– Да нет, я из Руссии нашей тебе звоню, дурында! Выперли меня, выперли из Италии! Вернее, я сама выбрала добровольную репатриацию, – сразу заважничала. – Ну, потом расскажу. Тут один итальяшка дал мне свой мобильник позвонить ненадолго. Ну? Где, по-твому, я стою? Откуда звоню?
– Тогда… – И я оказалась охвачена гипнозом общих мест. – С Красной площади, что ли? Из Кащенко?
– Да на улице Герцена я на твоей, балдень! Видео-то есть у тебя в мобилке? Тут у людей и не такое есть!
Совсем запуталась эта Оля.
Она стояла на моей улице Герцена, хотя таковой больше не существовало. Разве что в подземелье Рима. Однако где-то же она стояла, и для нее самой это происходило на улице Герцена.
– А нашли этого чудика-то?

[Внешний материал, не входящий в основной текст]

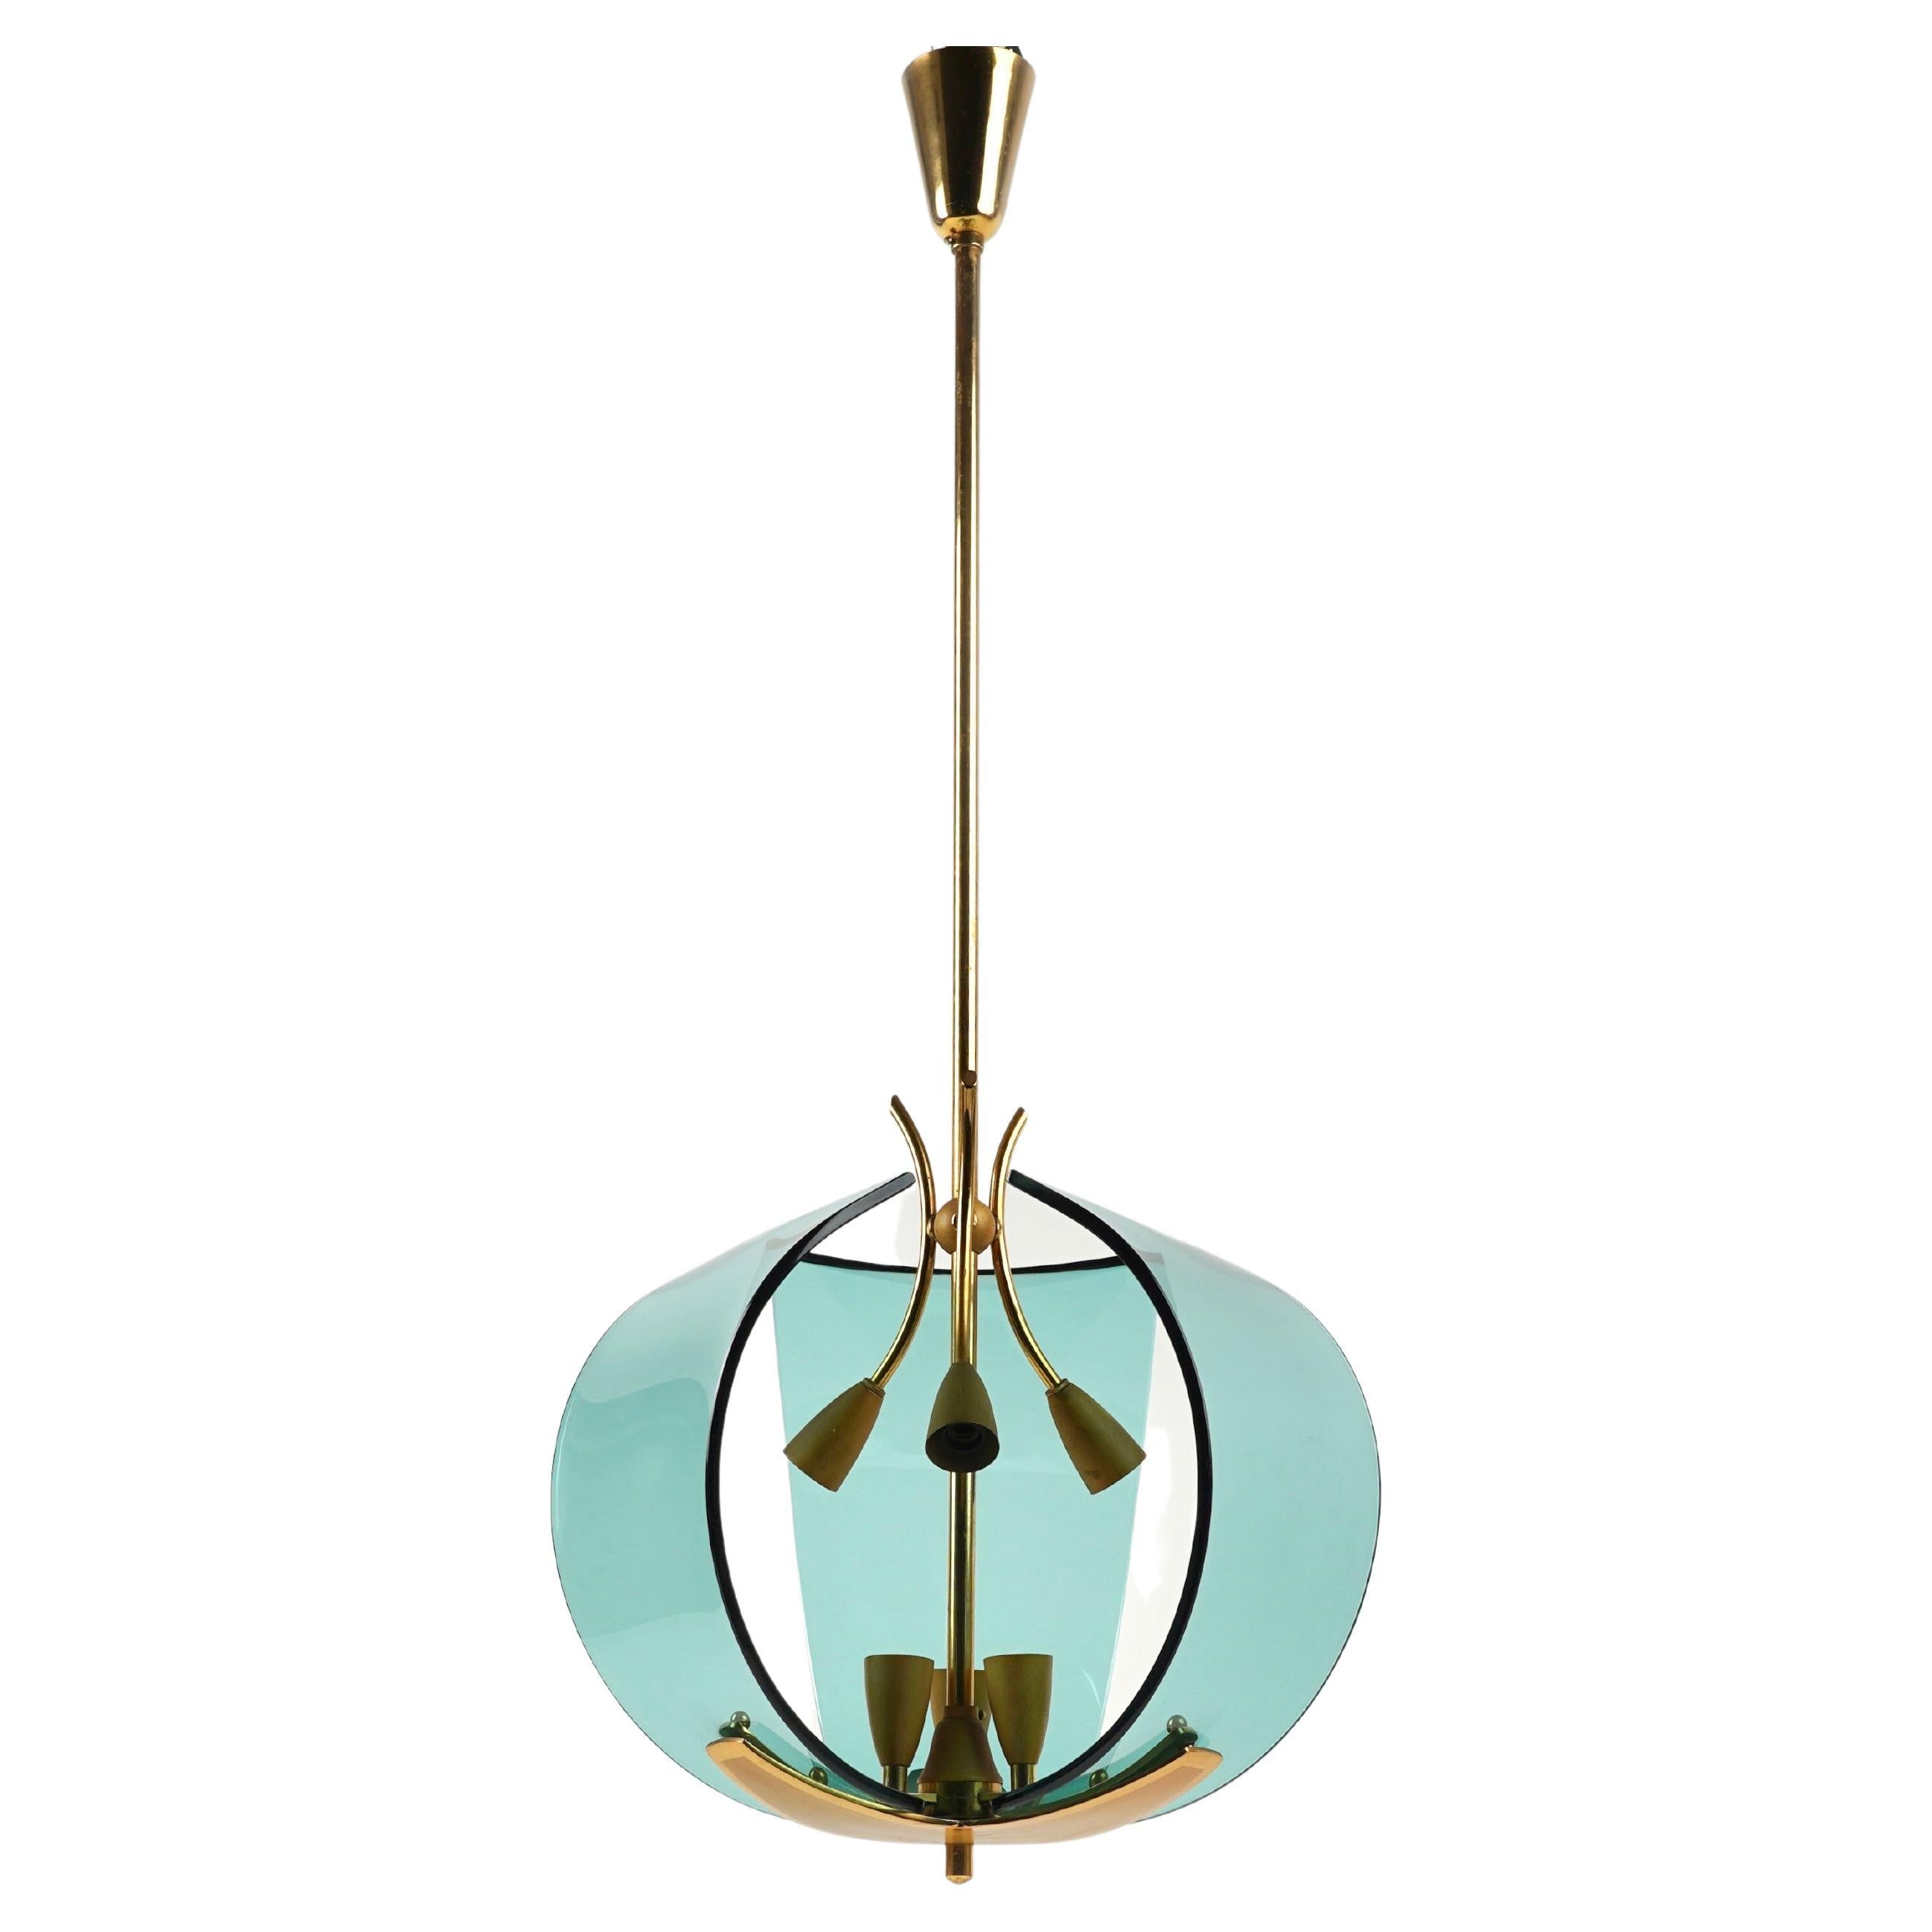 Midcentury Chandelier in Brass and Glass by Fontana Arte, Italy, 1950s

Вернулся он? А как там золотце мое? – Перейдя на итальянский, Оля громко затарабанила, и я, с одной стороны, отодвинула трубку от уха, с другой – стала внимательнее прислушиваться. А ей, видно, хотелось погордиться перед тем, кто ей дал позвонить: и у нее-де в Италии были друзья, даже, можно сказать, семья. – Ладно, скоро вернусь, ждите! – Вот ведь какая веселая врушка. – Ну скажи что-нибудь моей подруге, – отдала она трубку владельцу, и мне пришлось ответить на вопросы о том, какая погода стоит в Риме, где именно я живу, и погадать с ним вместе о том, какой автобус ходит сейчас в Монте Сакро[138]. Сам он был из Молизе, но скучал и по Риму. – Готовься! – успела бросить Оля в самый последний момент. Во всяком случае, я так поняла это словцо[139], которое по-итальянски могло означать и просто «pronto», то есть «але», сказанное с нашим славянским акцентом.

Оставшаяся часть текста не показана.